Investors have access to many more products now than ever. One of these products is ETPs (Exchange-Traded Products). Unfortunately, investigations by investment fraud law firms led to shocking findings concerning the sales practice of broker-dealers of iPath S&P 500 VIX Short-Term Futures ETNs (VXX) and VelocityShares Daily Inverse VIX Short Term ETNs and Proshares VIX Short-Term Futures ETFs (“VIXY”) to their clients. Customers alleged that between January 2016 and April, they were told to hold ETPs for long periods and were not aware of the risks.
In separate settlements with the United States Securities & Exchange Commission (SEC), these firms have been asked to pay a total sum of $3M for their actions. The firms did not deny or admit to allegations. Here is a list of the alleged firms:
- Summit Financial Group
- Royal Alliance Associates
- American Portfolio Advisers/American Portfolio Financial Services
- Royal Alliance Associates
- Benjamin F. Edwards & Co.
What Investors Should Know About ETP & ETN Risks
ETPs are typically very volatile; the price will move dramatically with the stock market’s volatility. Also, when they are held on to for long, they depreciate.

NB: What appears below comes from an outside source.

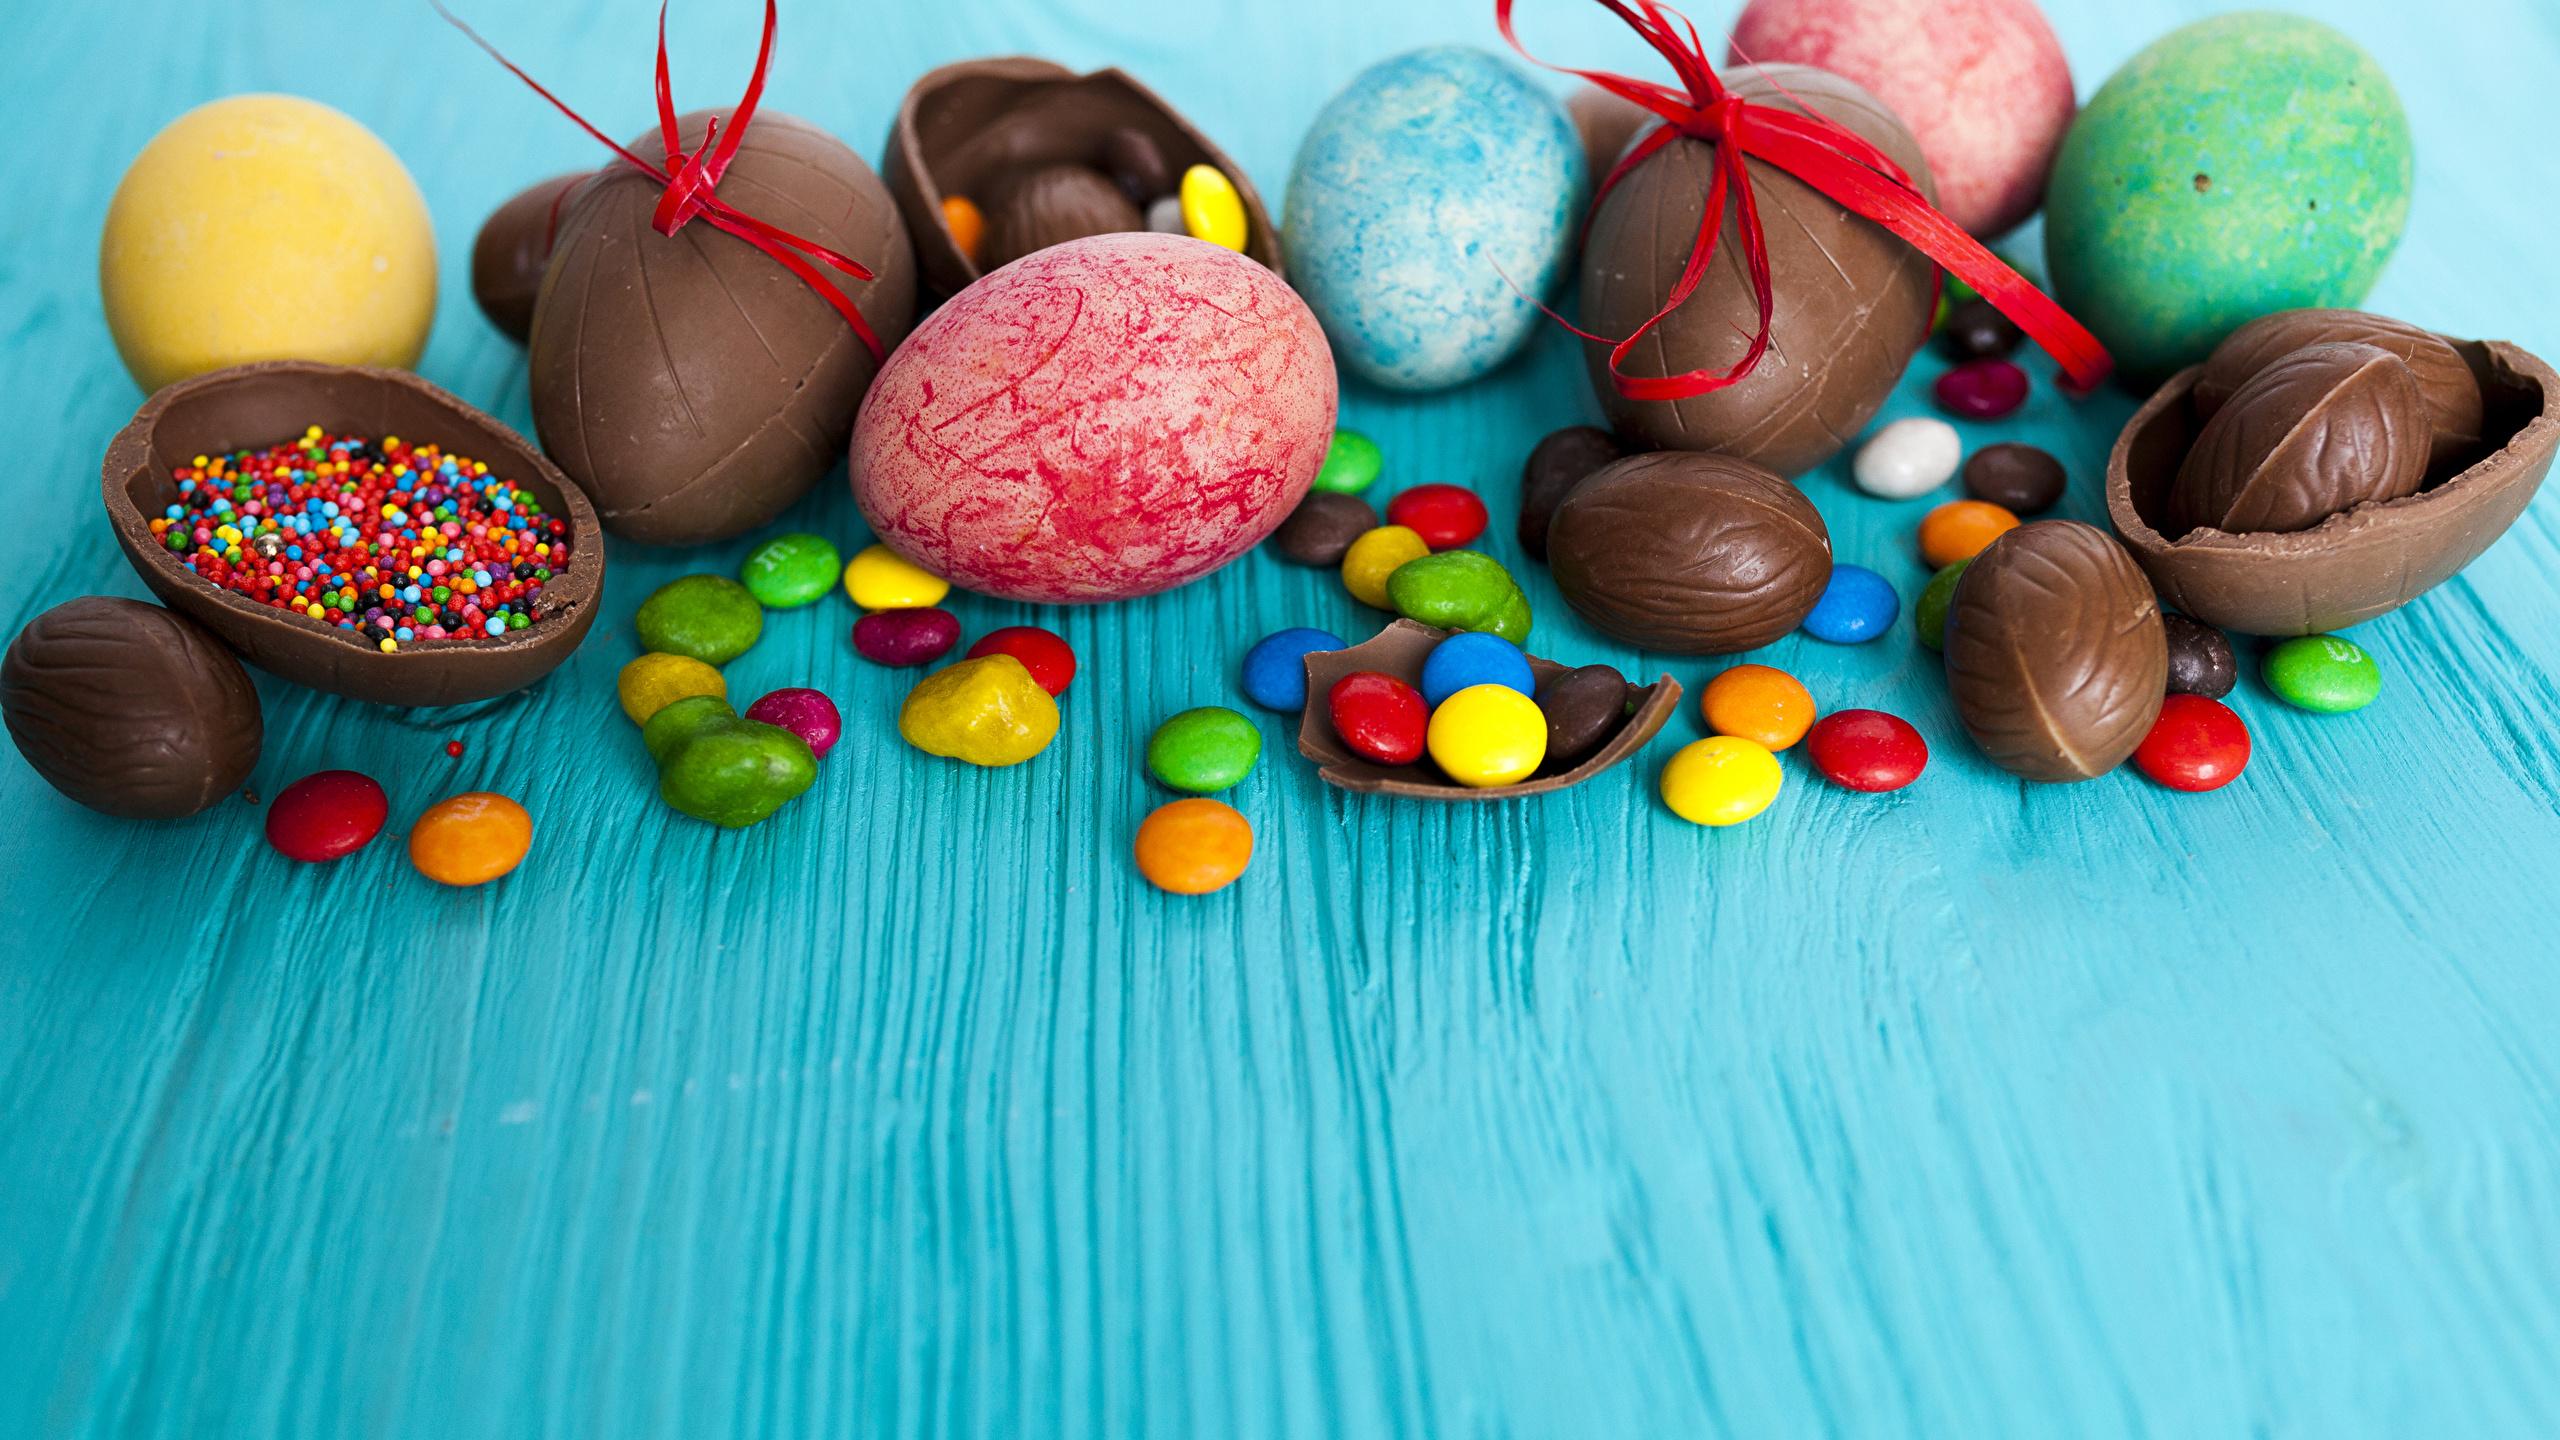 Фото Пасха Яйца Шоколад Конфеты Пища Сладости 2560x1440 Еда Продукты питания

The SEC held that the accused firms used their authority as experts to advise clients to make the purchase also told their clients to keep the ETPs for a long time. A further probe into the commission’s case found the firms guilty of not formulating and implementing policies suitable for these highly volatile ETPs.
Breach of Trust Allegations For VXX & VXXY
The brokers approved and sold iPath S&P 500 VIX Short-Term Futures ETNs (VXX) to their clients. It is an ETN (Exchange-traded notes) specifically structured to offer investors exposure to stock market volatility. The VXX, which can be purchased and sold just like stock shares, is designed to be a debt instrument.
The VXX mentioned above has been considered one of ETPs’ most volatile and probably the largest in 2019. Experts say it to be among the ETPs that performed the poorest from the past year.
The SEC alleged that the American Portfolio Advisors and the American Portfolio Financial Services were not properly bringing their registered ETPs sales reps. The firms decided to pay a penalty of $650k. They were also fined an extra $2500 for pre-judgment interest and disgorgement. The fine of $650k was ordered to be paid by Benjamin F. Edwards & Co. It is also meant to pay $35k for disgorgement and pre-judgment interests.
Securities America and Summit Financial were charged to pay $600k each. They made about ninety-two clients hold their ETPs for a very long period, making ninety-one of them incur heavy investment losses. Combining pre-judgment interest and disgorgement for Summit clients, a total of $3700 is to be paid as extra.
The accounts of 156 Securities America’s customers sustained heavy losses due to the ETPs during the period of issuance. Pre-judgment interest and disgorgement for Securities America hit an estimated $3,776.82.